About this exercise
Please give every line below again exactly, but not its pictures.

Available data
______________________________
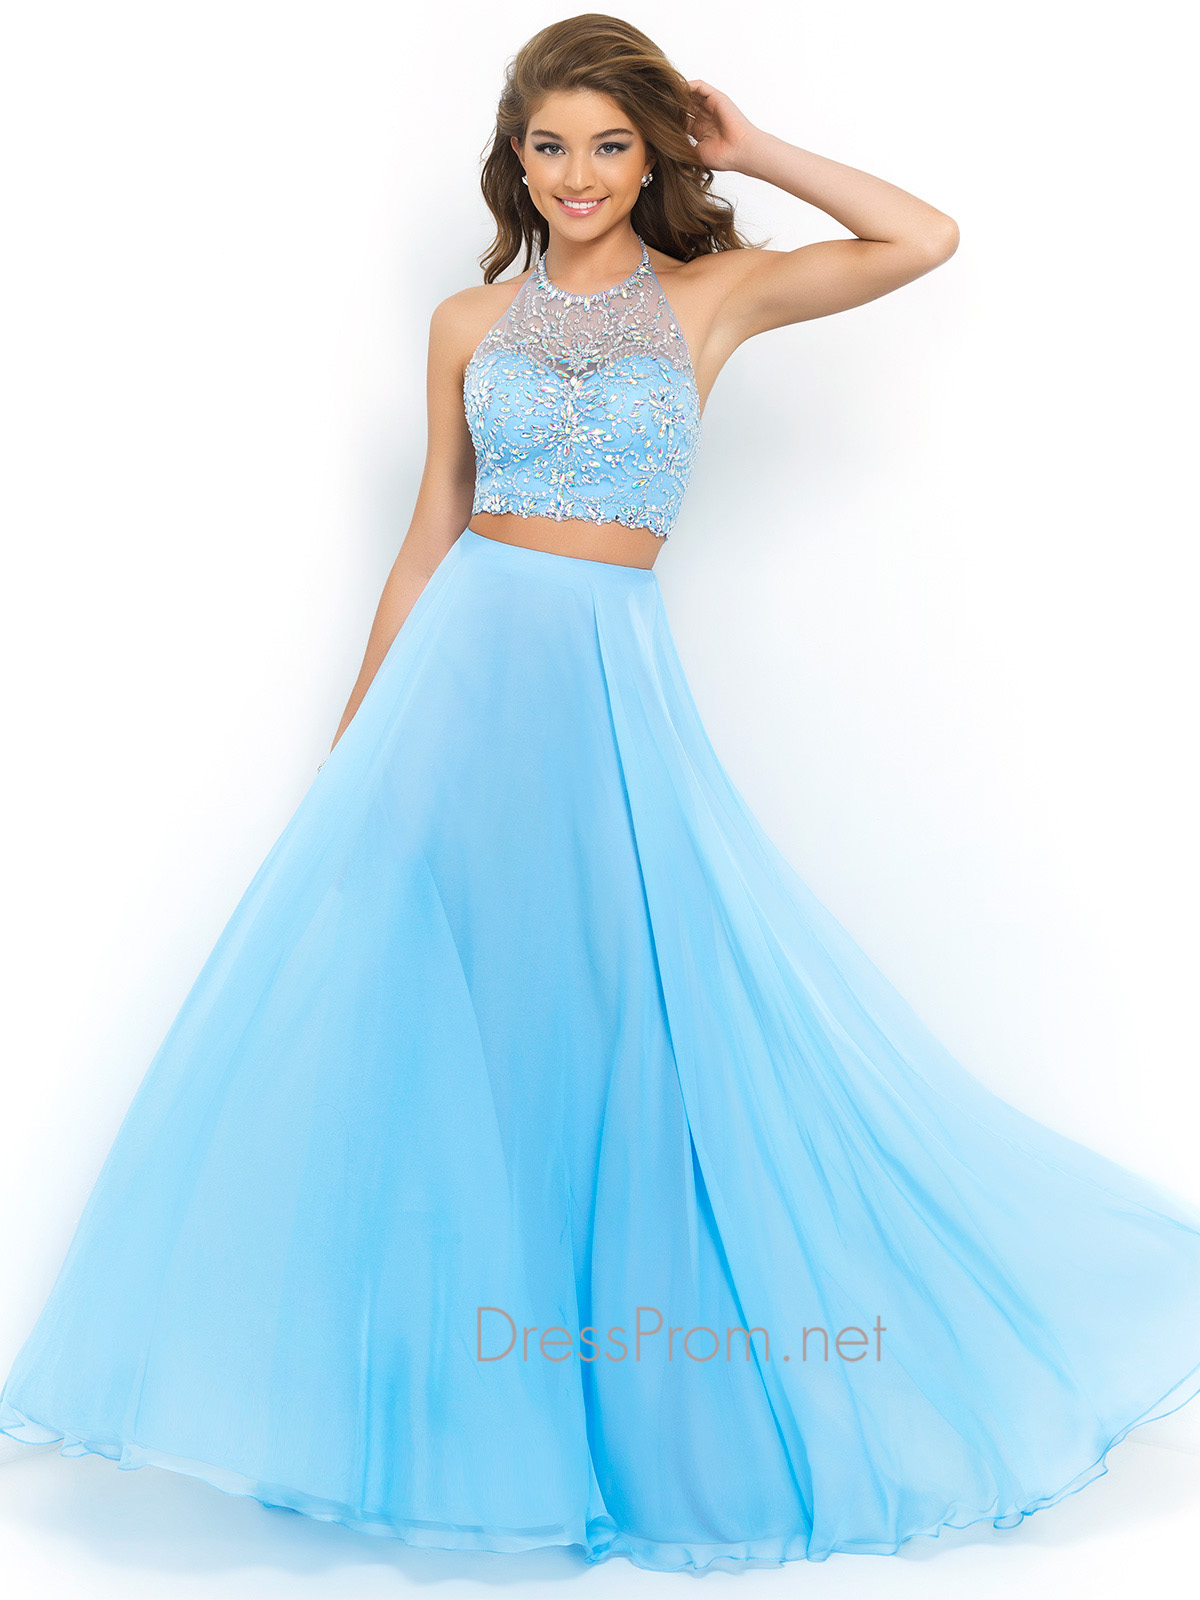 Two Piece Formal Evening Dresses & Oscar Fashion Review
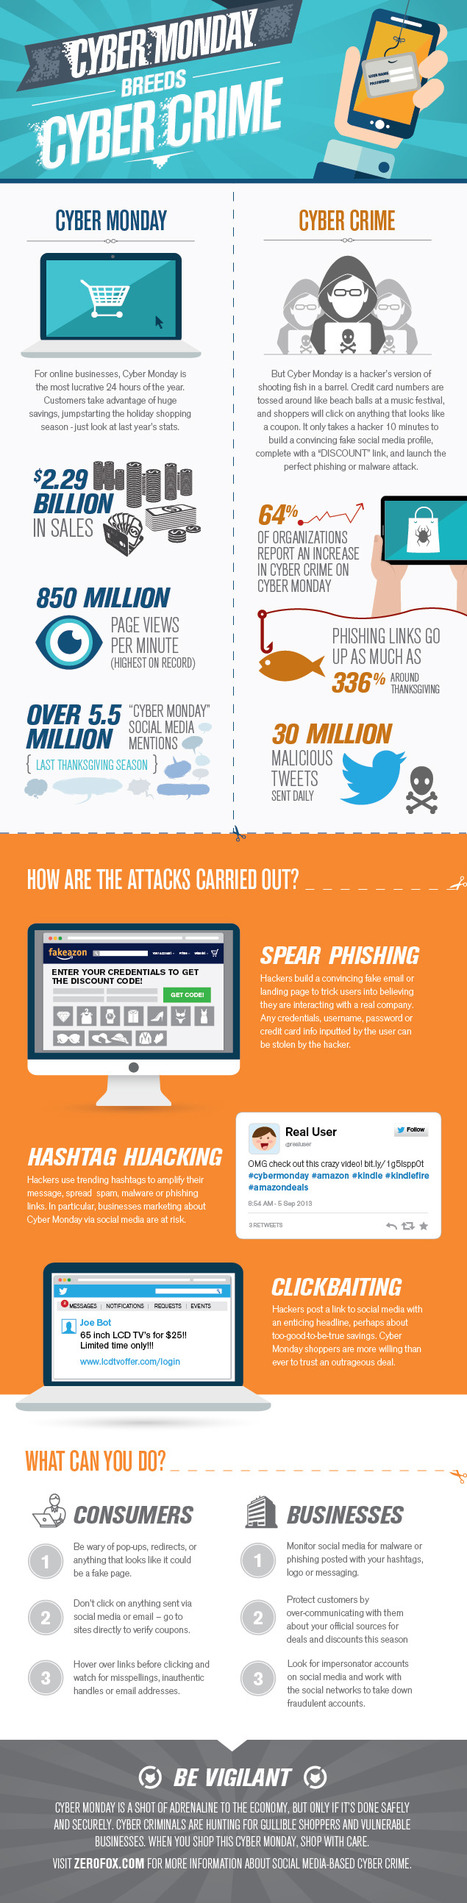 How hackers are stealing this Cyber Monday (Infographic) | CyberSecurity | Phishing | Education 2.0 & 3.0 | Scoop.it
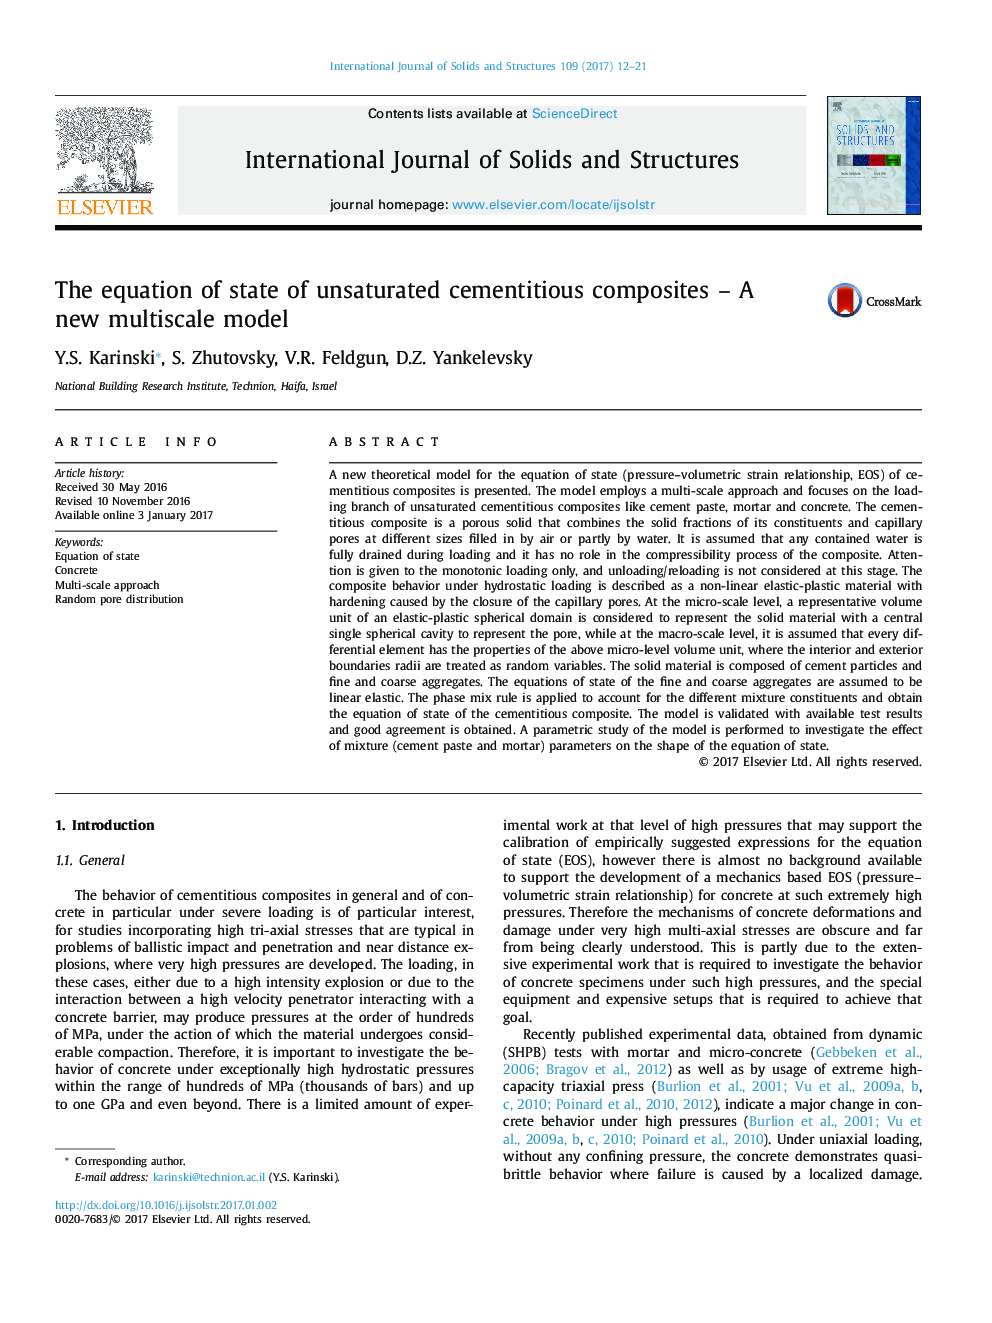 The equation of state of unsaturated cementitious composites - A new multiscale model
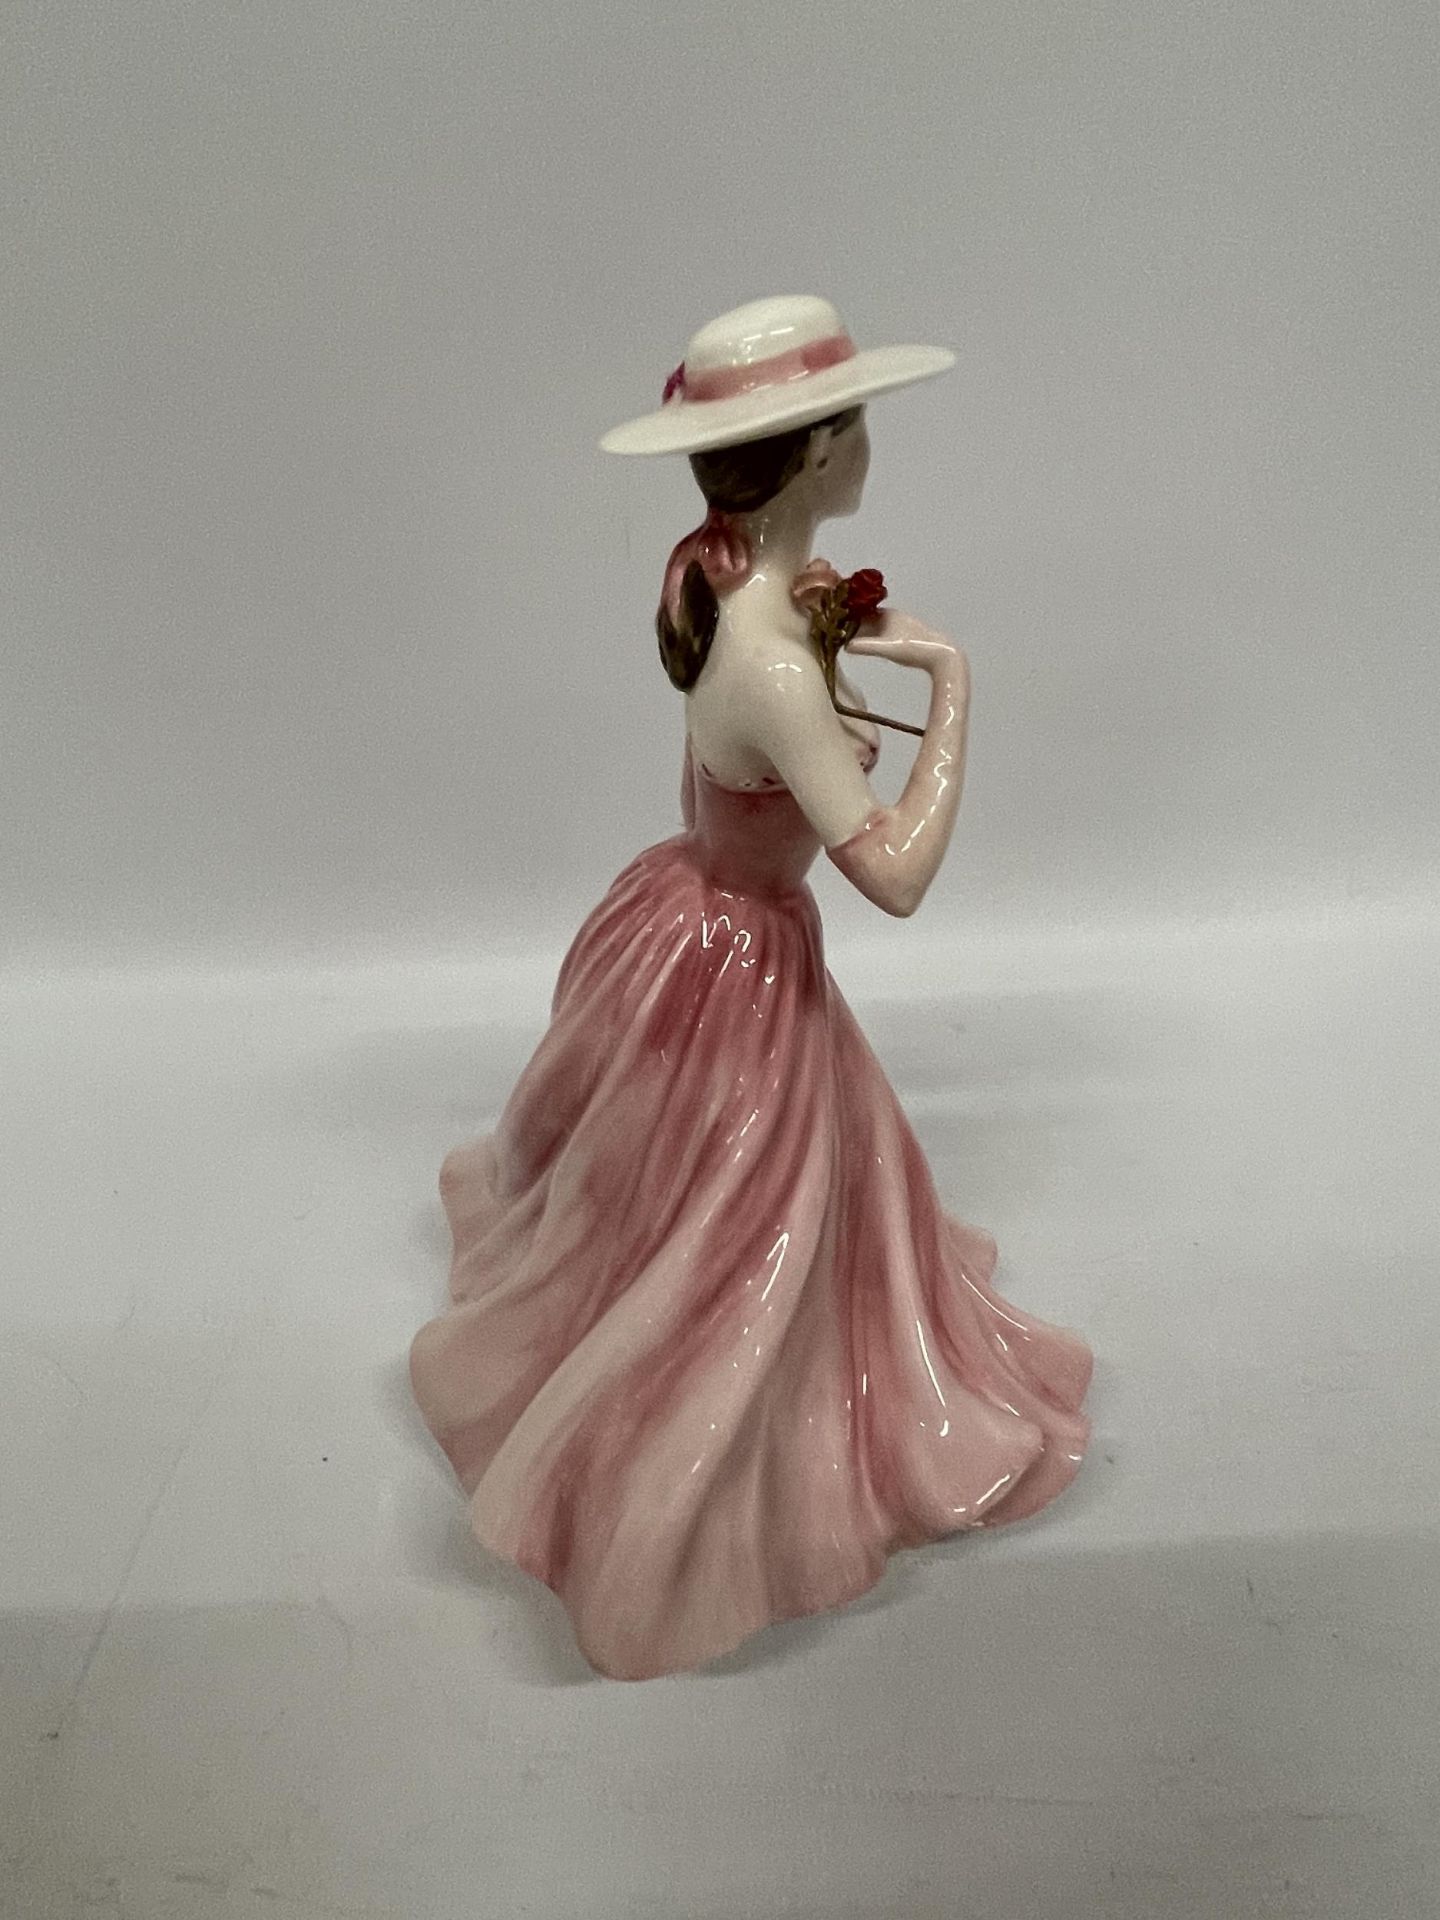 A ROYAL DOULTON 'CHLOE' LADY FO THE YEAR 2000 FIGURE
______________________________
Solution
 Two Piece Formal Evening Dresses & Oscar Fashion Review
 How hackers are stealing this Cyber Monday (Infographic) | CyberSecurity | Phishing | Education 2.0 & 3.0 | Scoop.it
 The equation of state of unsaturated cementitious composites - A new multiscale model
 A ROYAL DOULTON 'CHLOE' LADY FO THE YEAR 2000 FIGURE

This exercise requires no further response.